### Provided material:
__________________________________________________

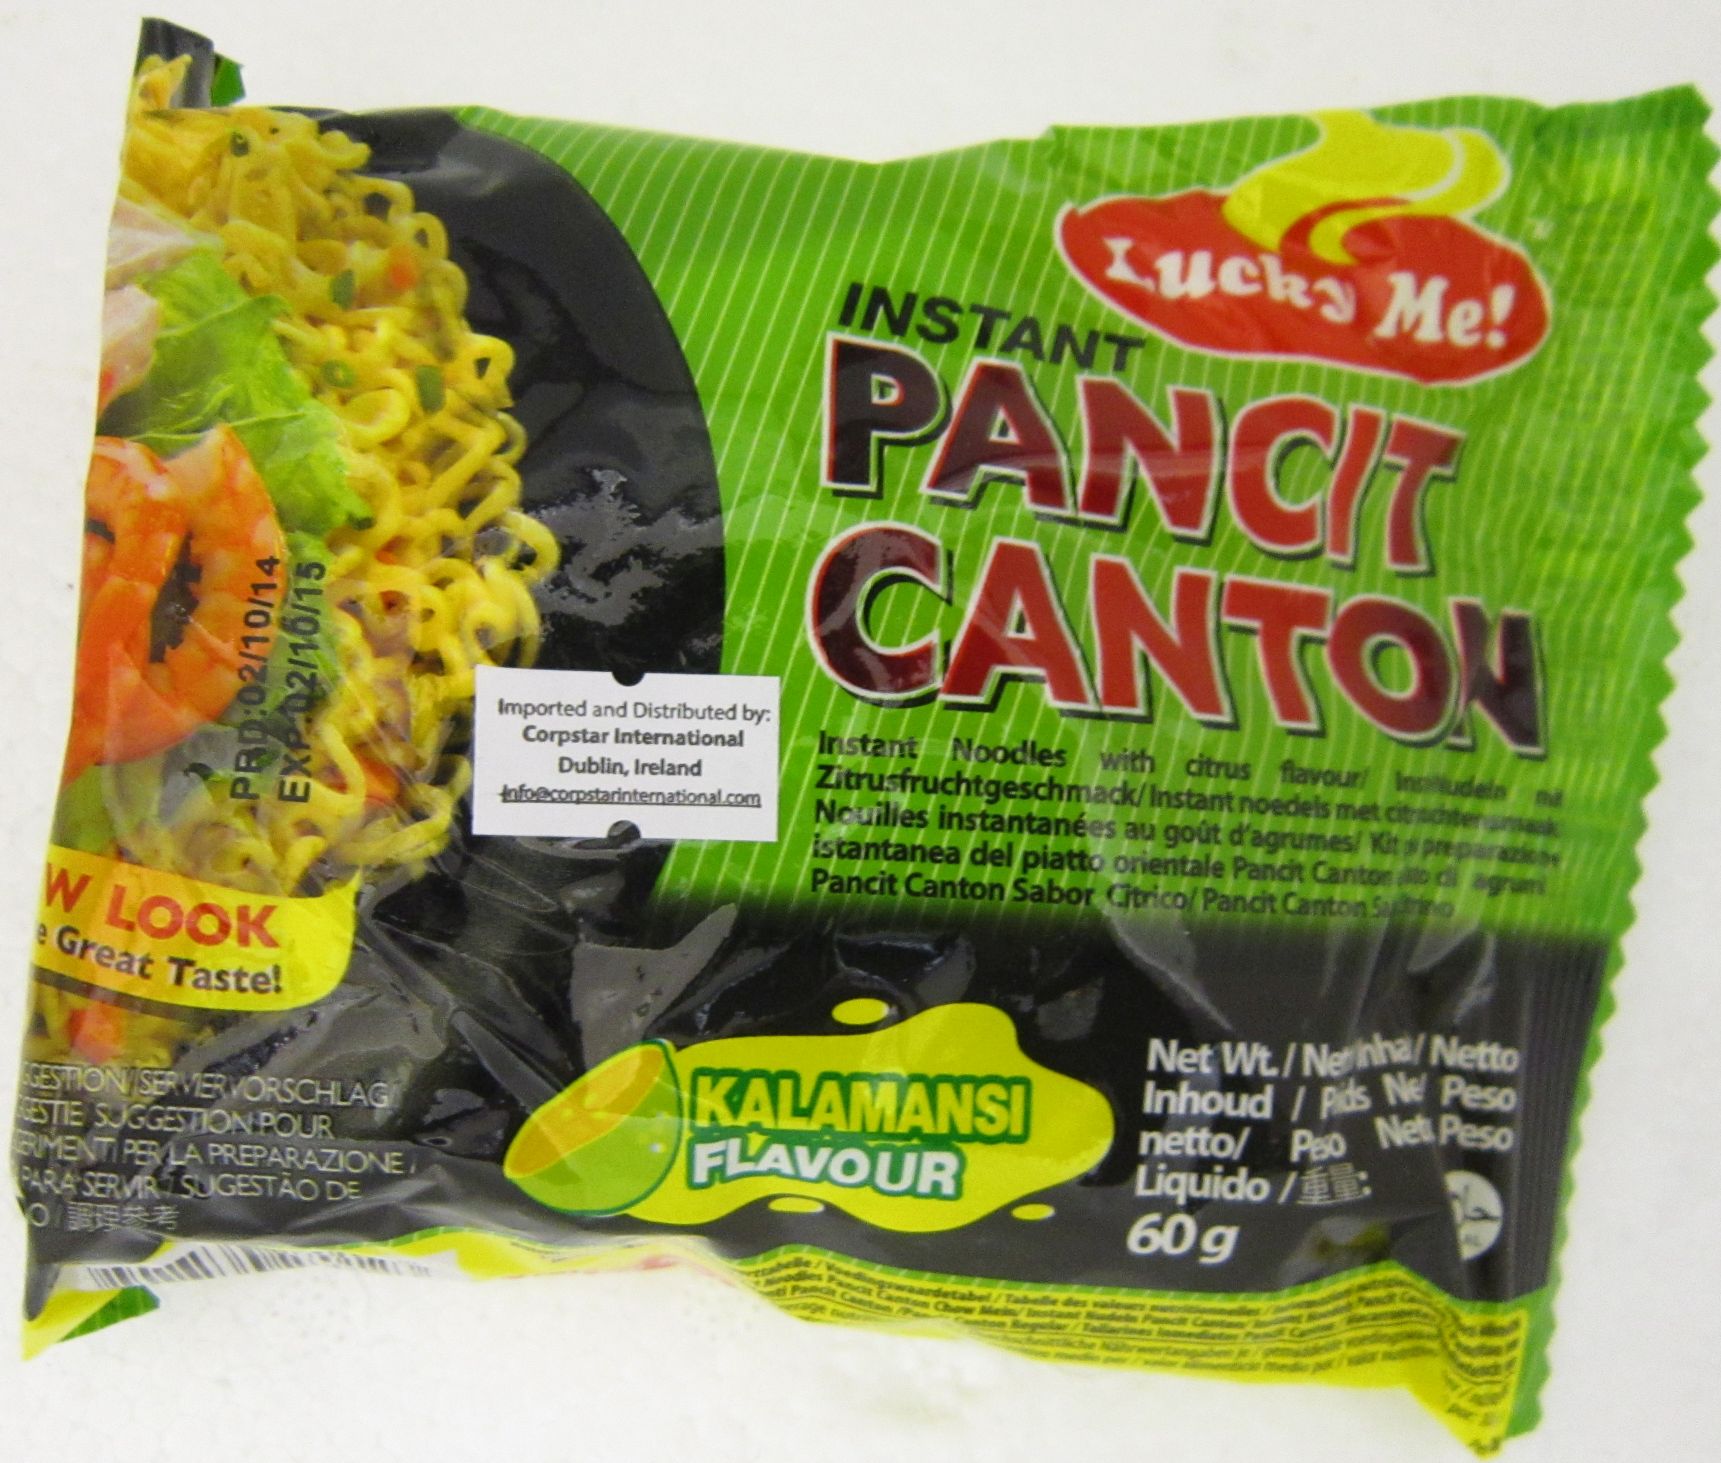 Lucky Me Pancit Canton Kalamansi Flavour Image
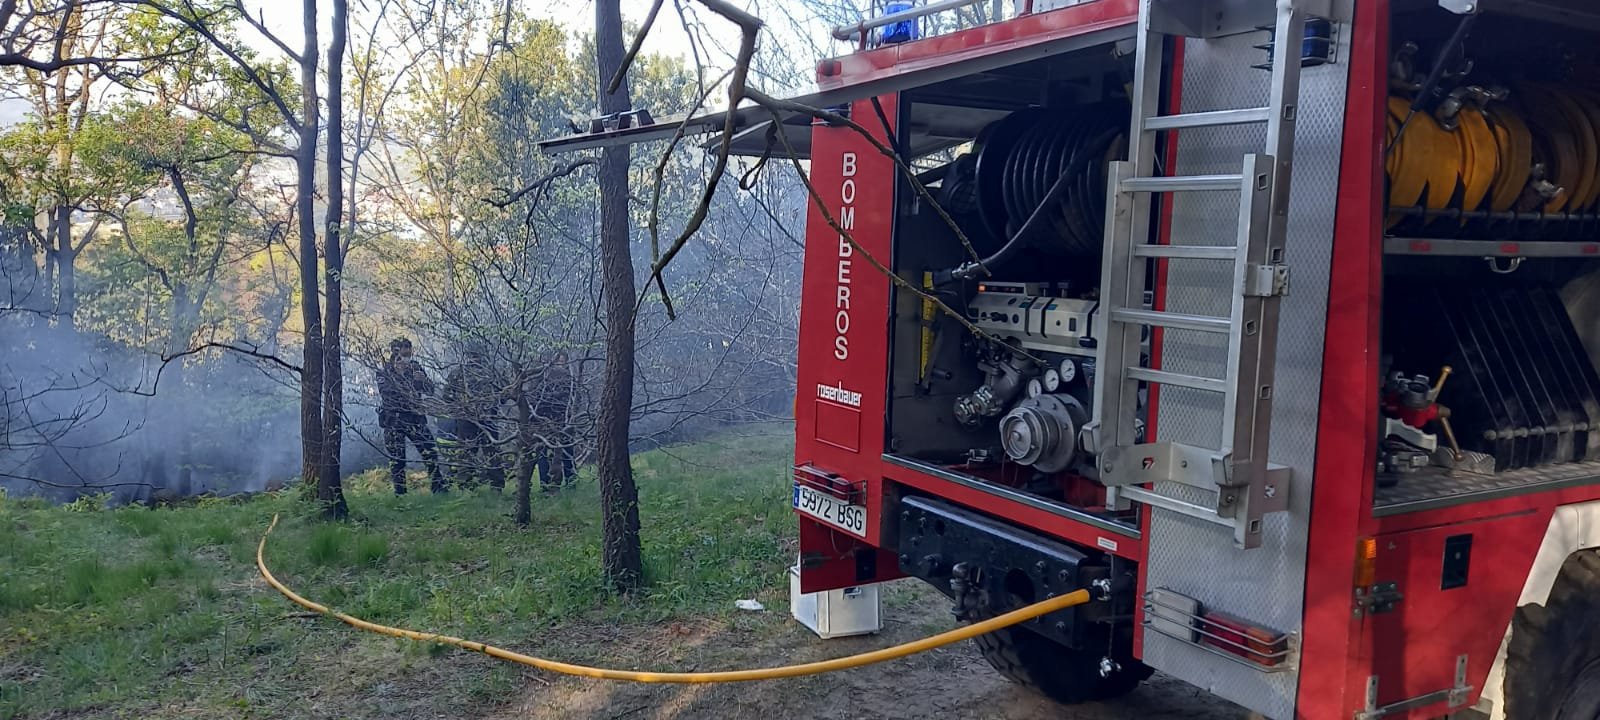 Ulia2 - Los bomberos sofocan un incendio en Ulia
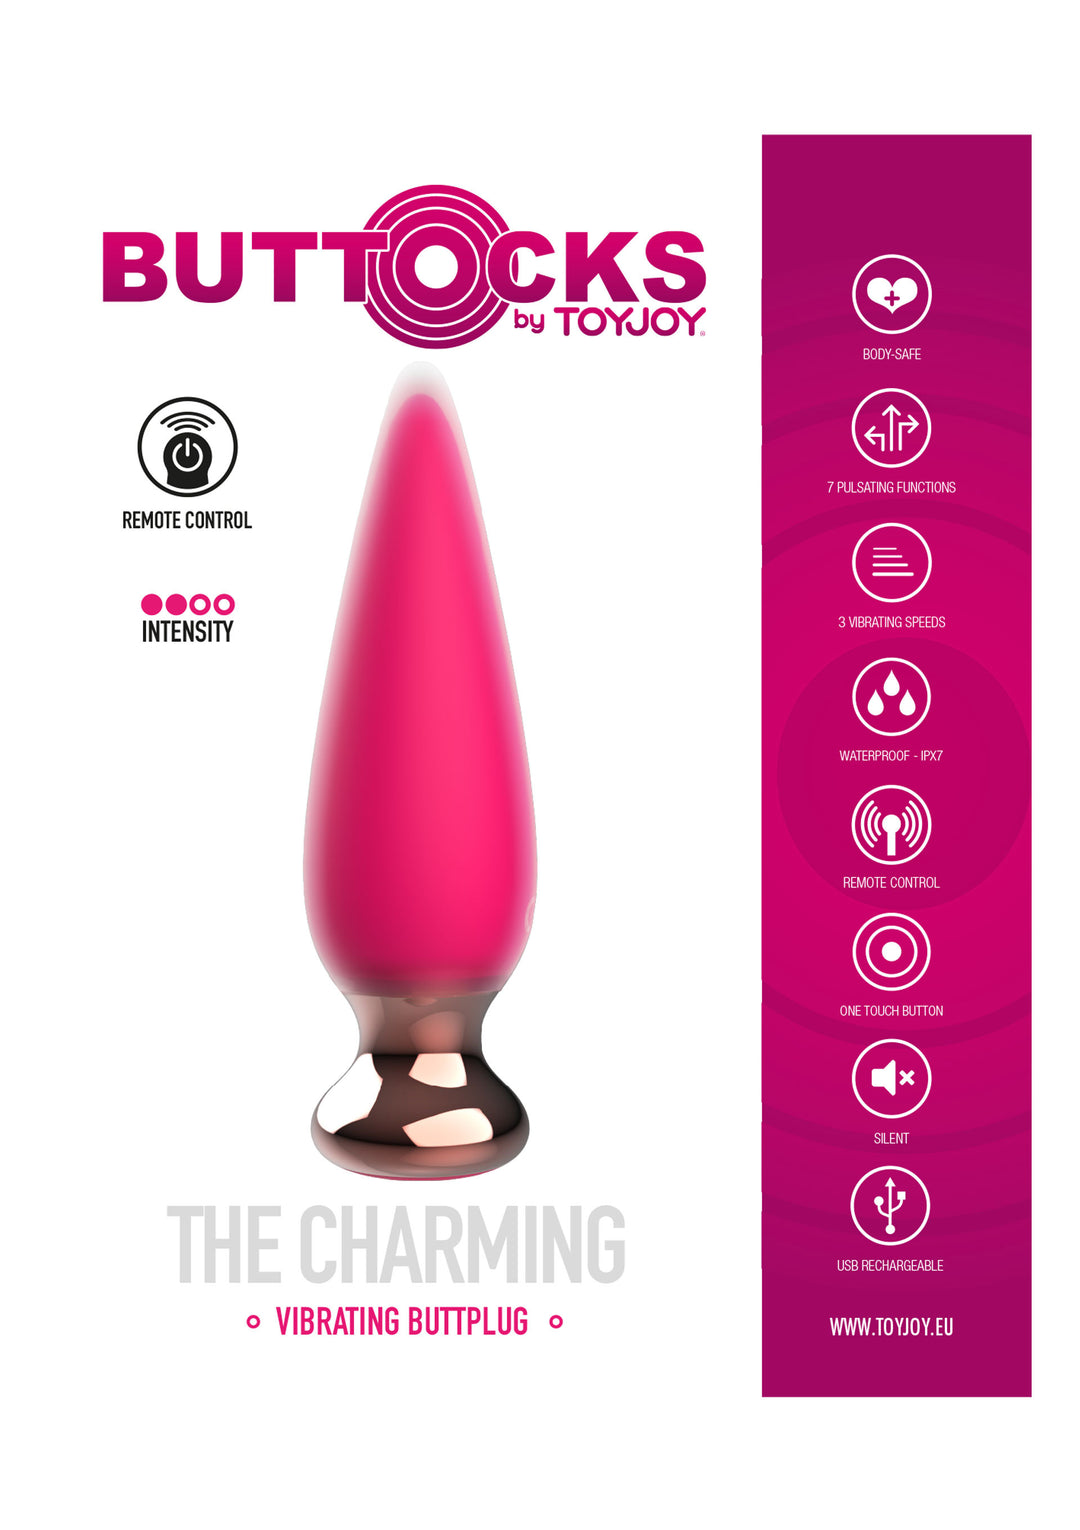 The Charming Buttplug mini anal vibrator
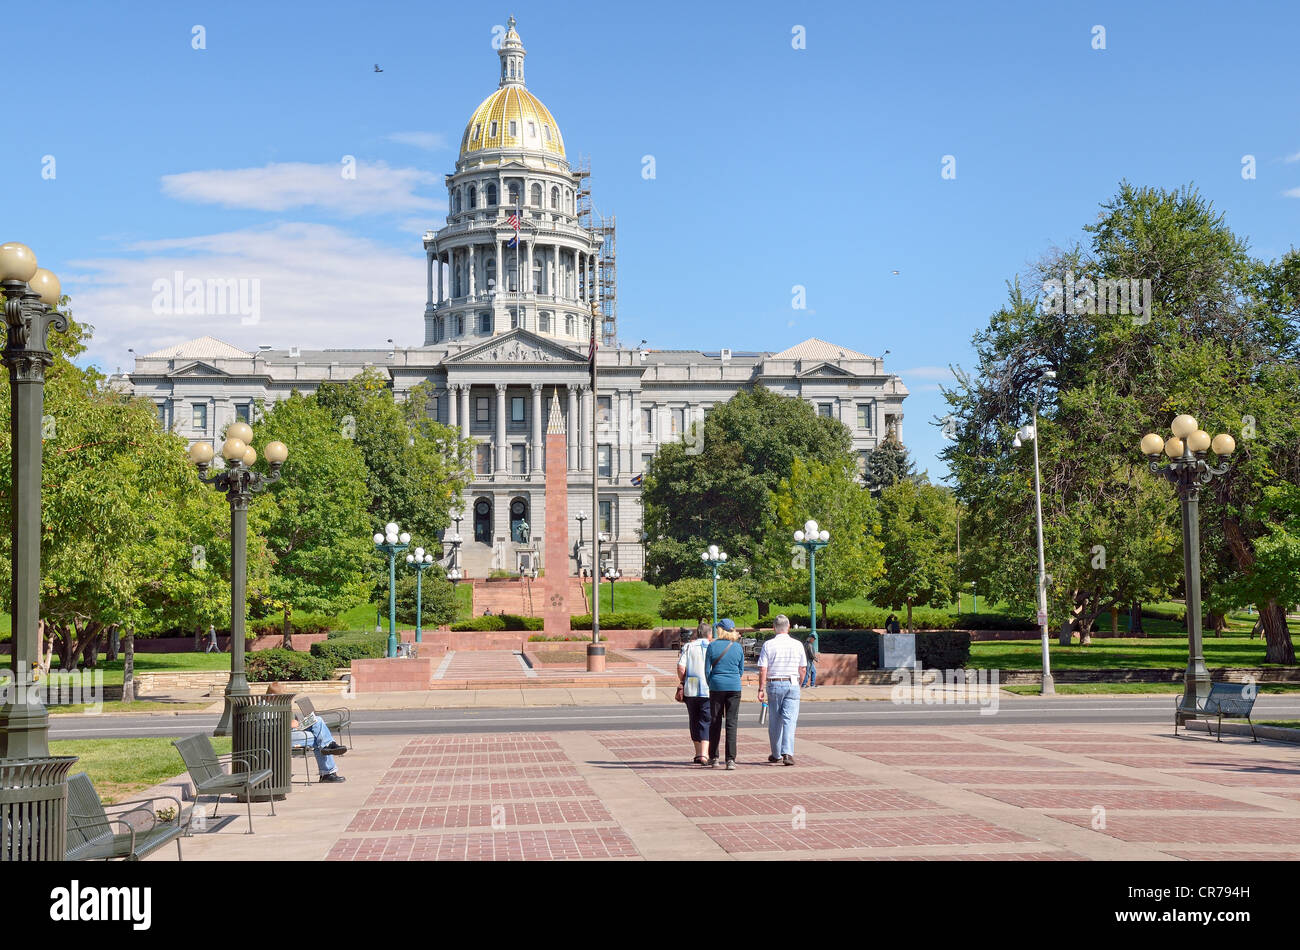 State Capitol at Civic Center Park, Denver, Colorado, USA Stock Photo

__________________________________________________

### Your goal:
Please reproduce each line of the listing above exactly, skipping pictures.

### Result of this task:
 Lucky Me Pancit Canton Kalamansi Flavour Image
 Ulia2 - Los bomberos sofocan un incendio en Ulia
 The Charming Buttplug mini anal vibrator
 State Capitol at Civic Center Park, Denver, Colorado, USA Stock Photo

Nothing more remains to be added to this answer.